* _WHAT TO WORK ON_: Pictures aside, each record should be reproduced exactly.

* _MATERIAL FOR THIS TASK_:
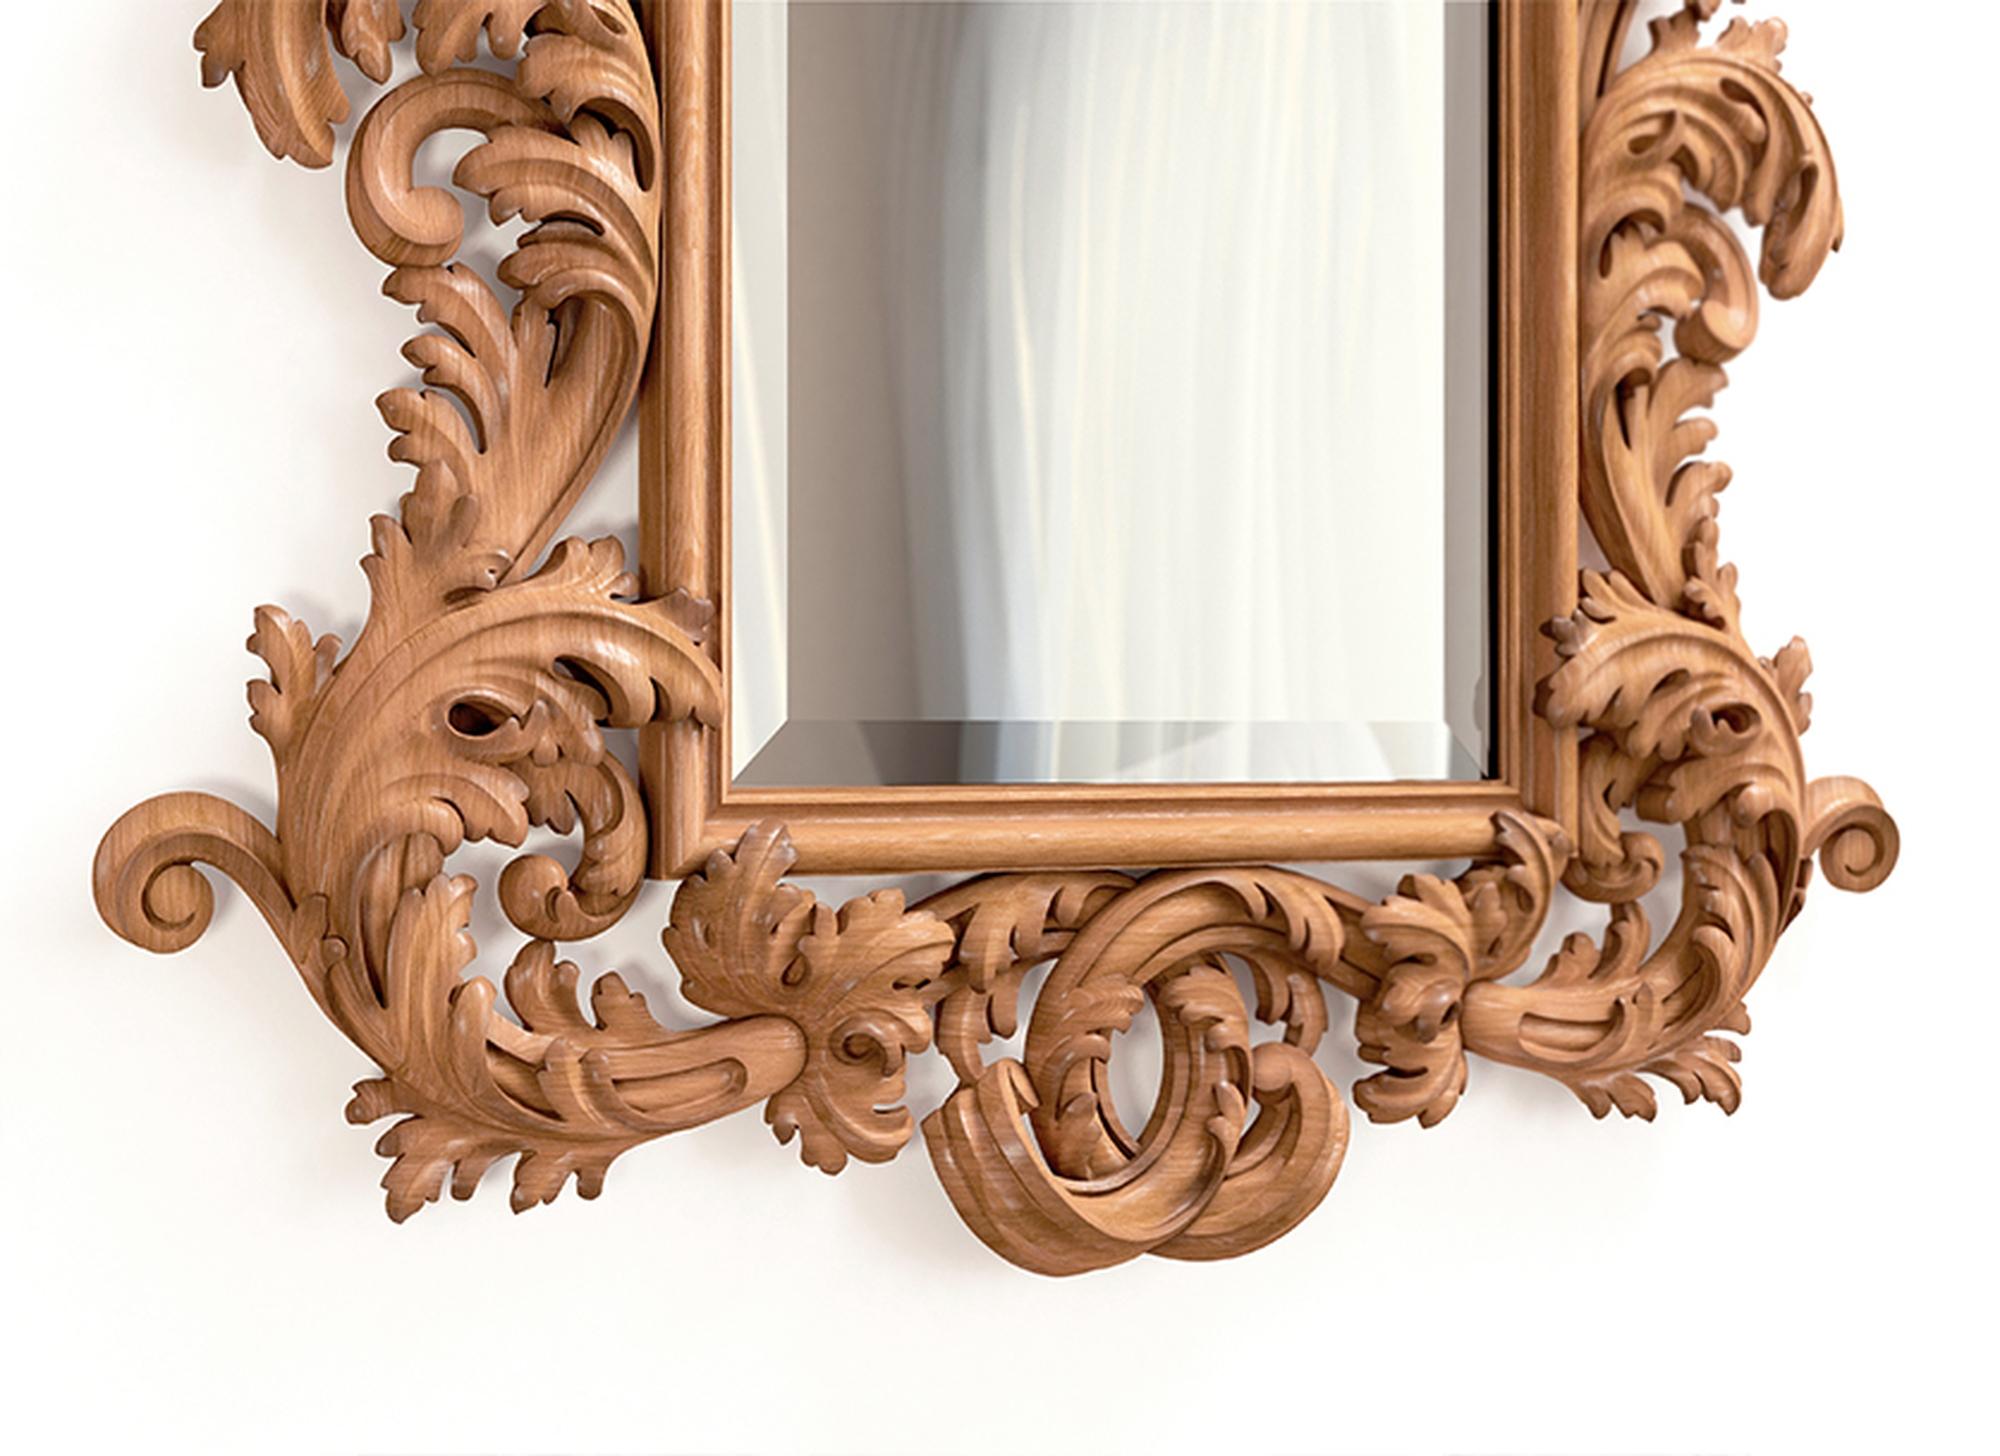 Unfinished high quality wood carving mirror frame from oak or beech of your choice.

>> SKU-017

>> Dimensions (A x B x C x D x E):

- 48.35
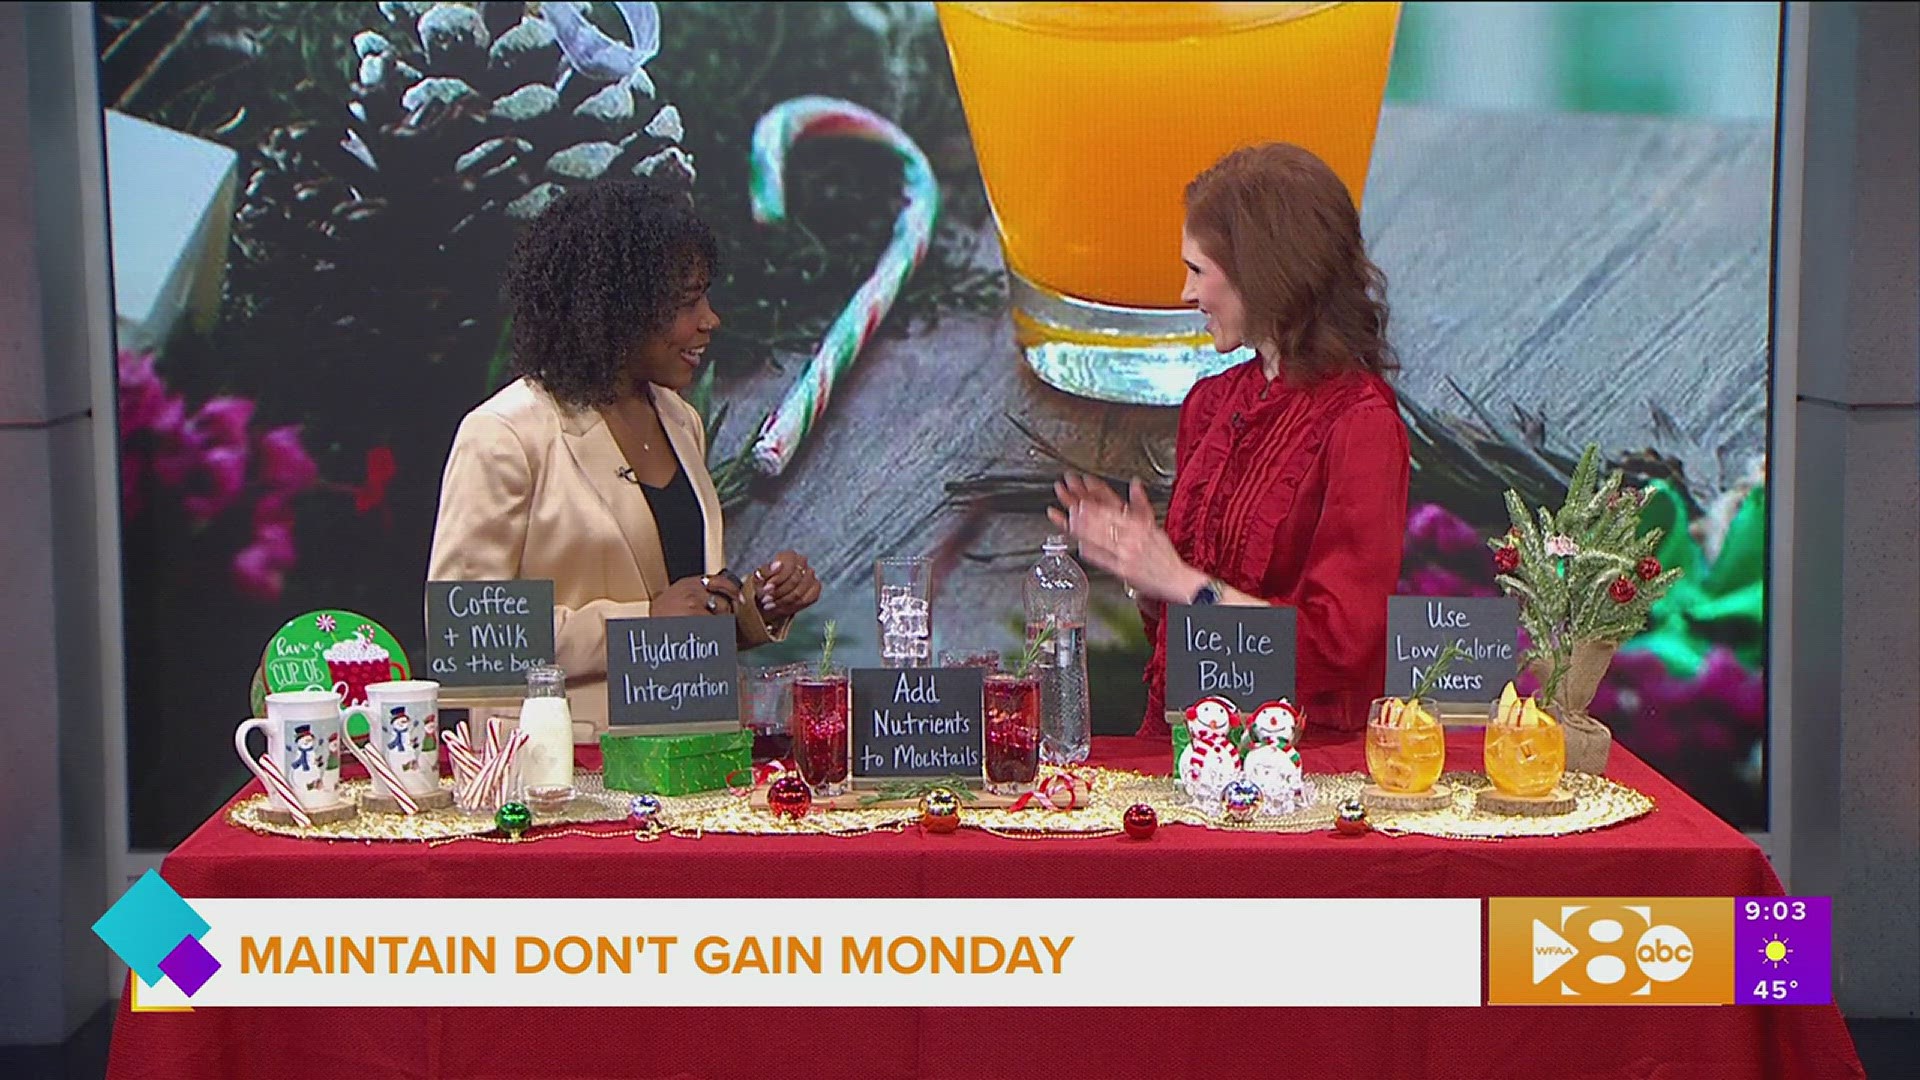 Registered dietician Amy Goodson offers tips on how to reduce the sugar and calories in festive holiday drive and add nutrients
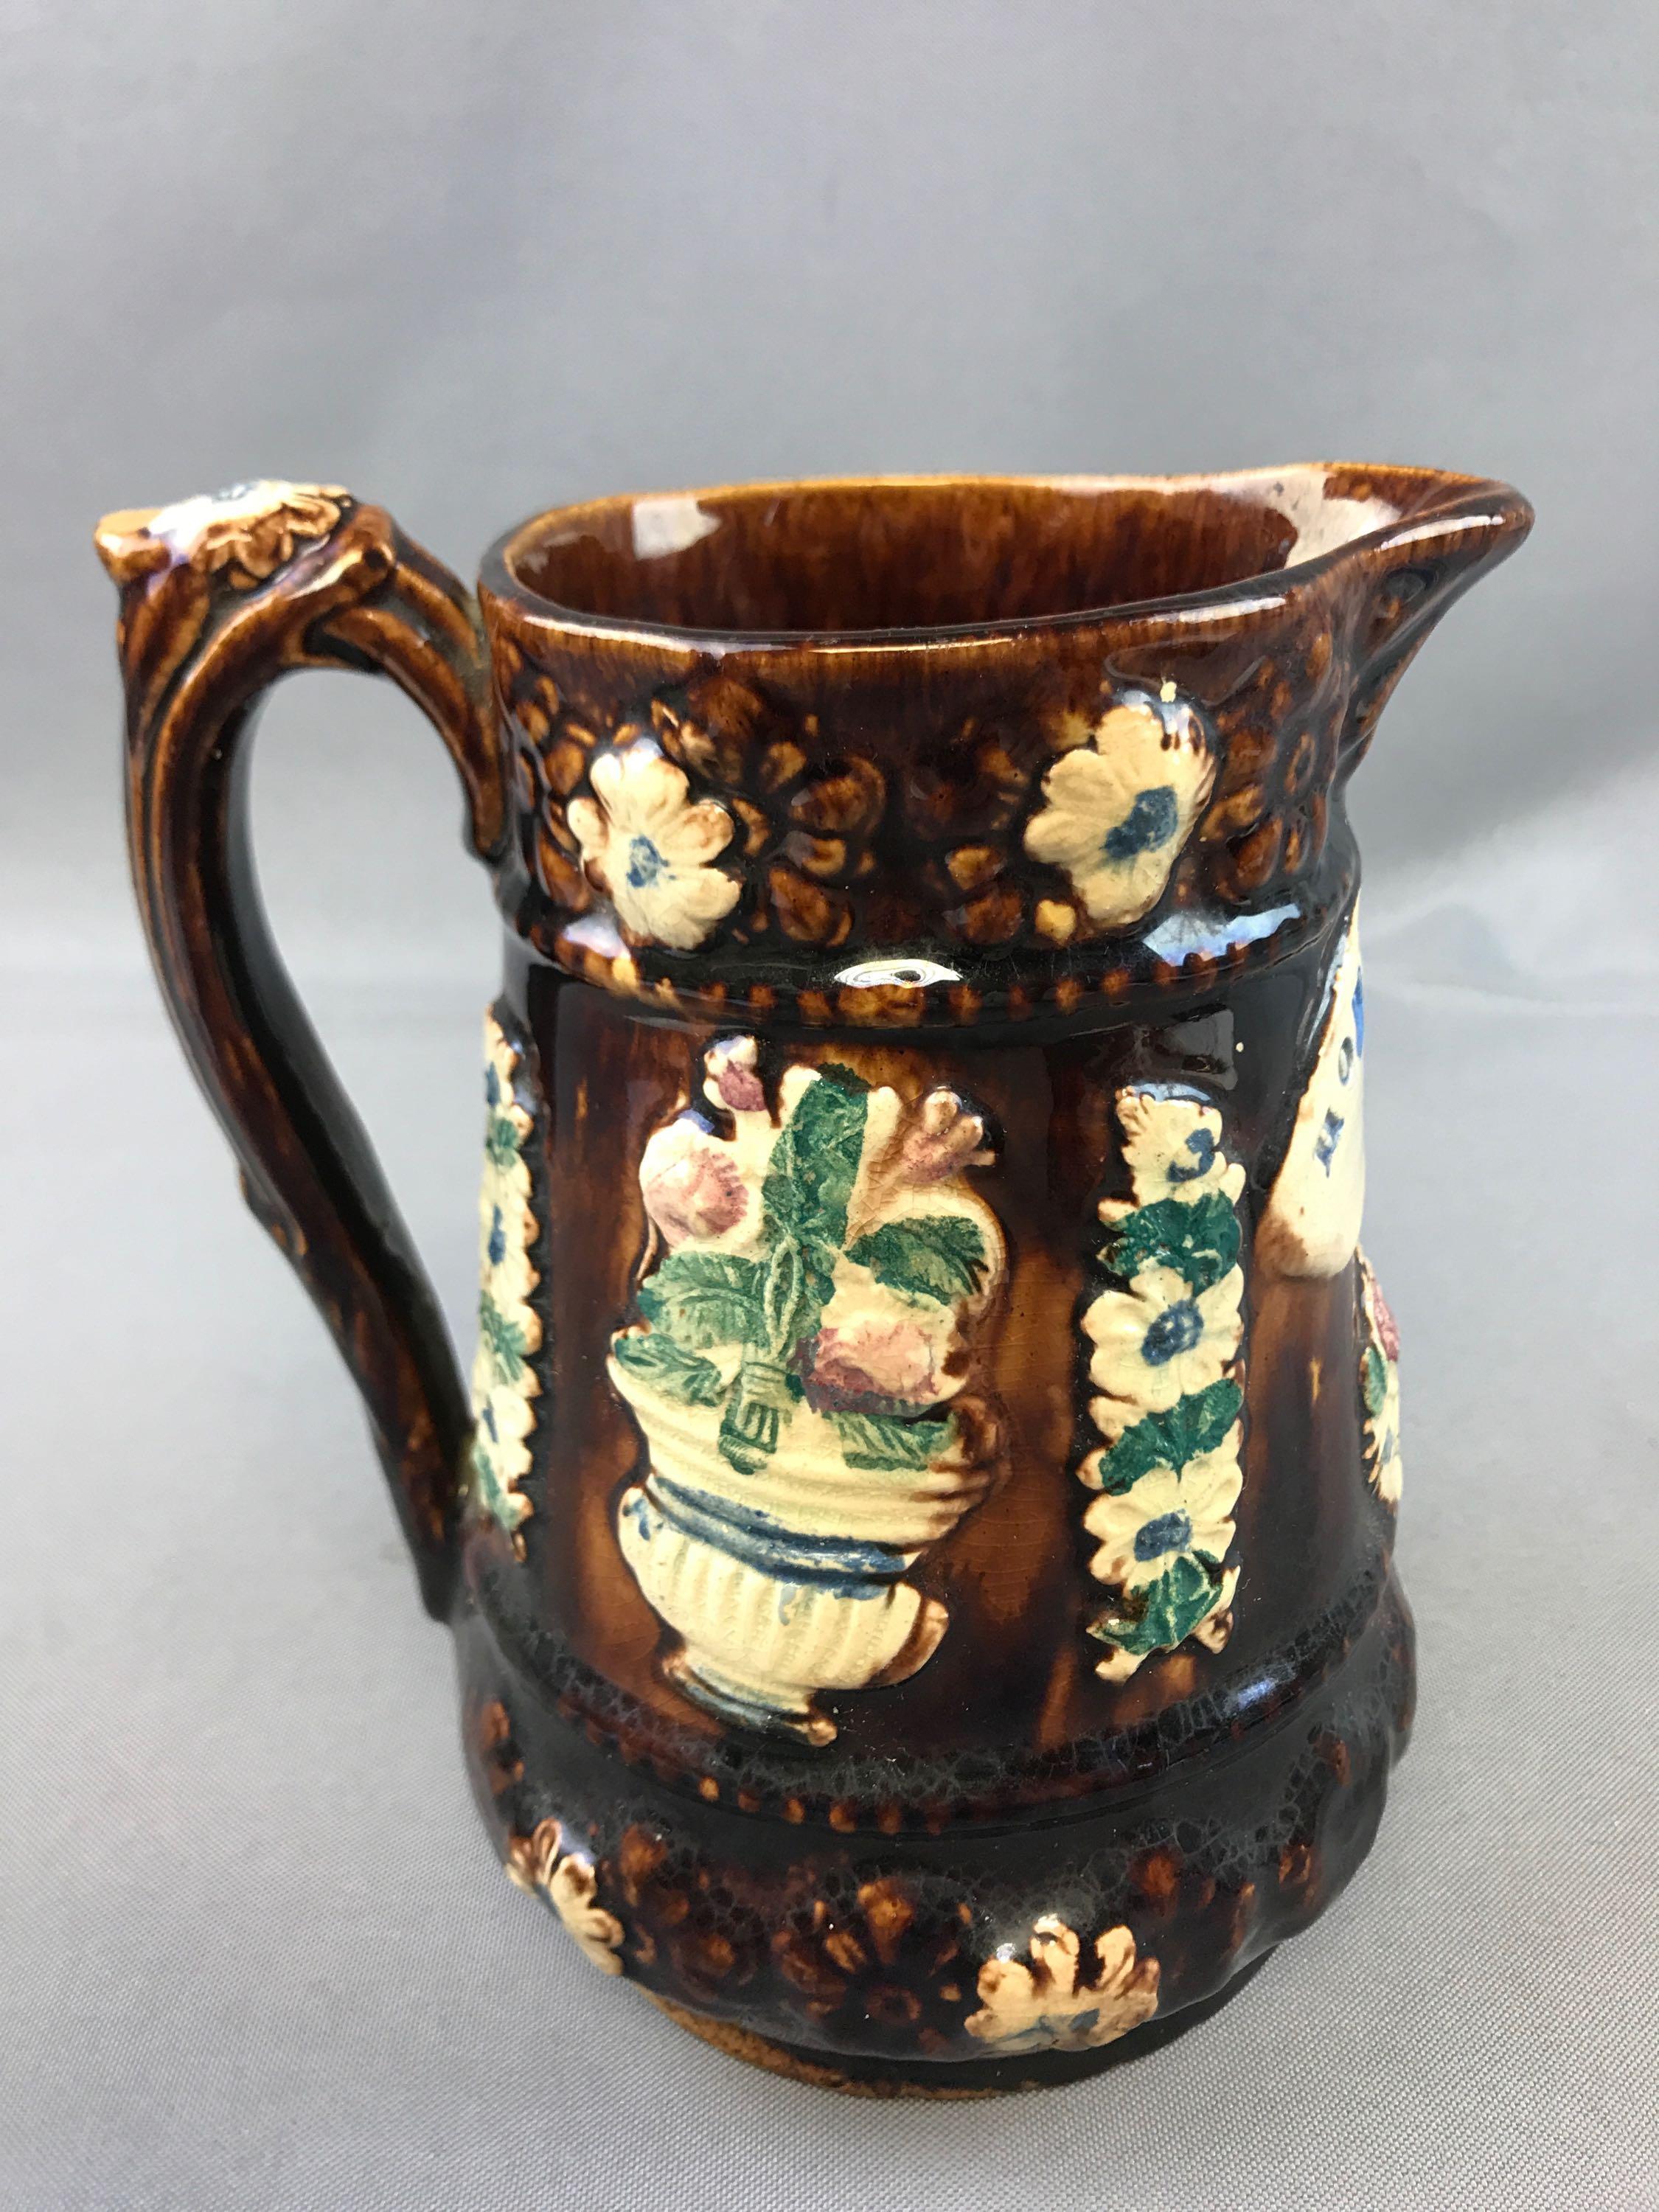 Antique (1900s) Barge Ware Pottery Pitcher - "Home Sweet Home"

* _ANSWER_:
 Unfinished high quality wood carving mirror frame from oak or beech of your choice.

>> SKU-017

>> Dimensions (A x B x C x D x E):

- 48.35
 Registered dietician Amy Goodson offers tips on how to reduce the sugar and calories in festive holiday drive and add nutrients
 Antique (1900s) Barge Ware Pottery Pitcher - "Home Sweet Home"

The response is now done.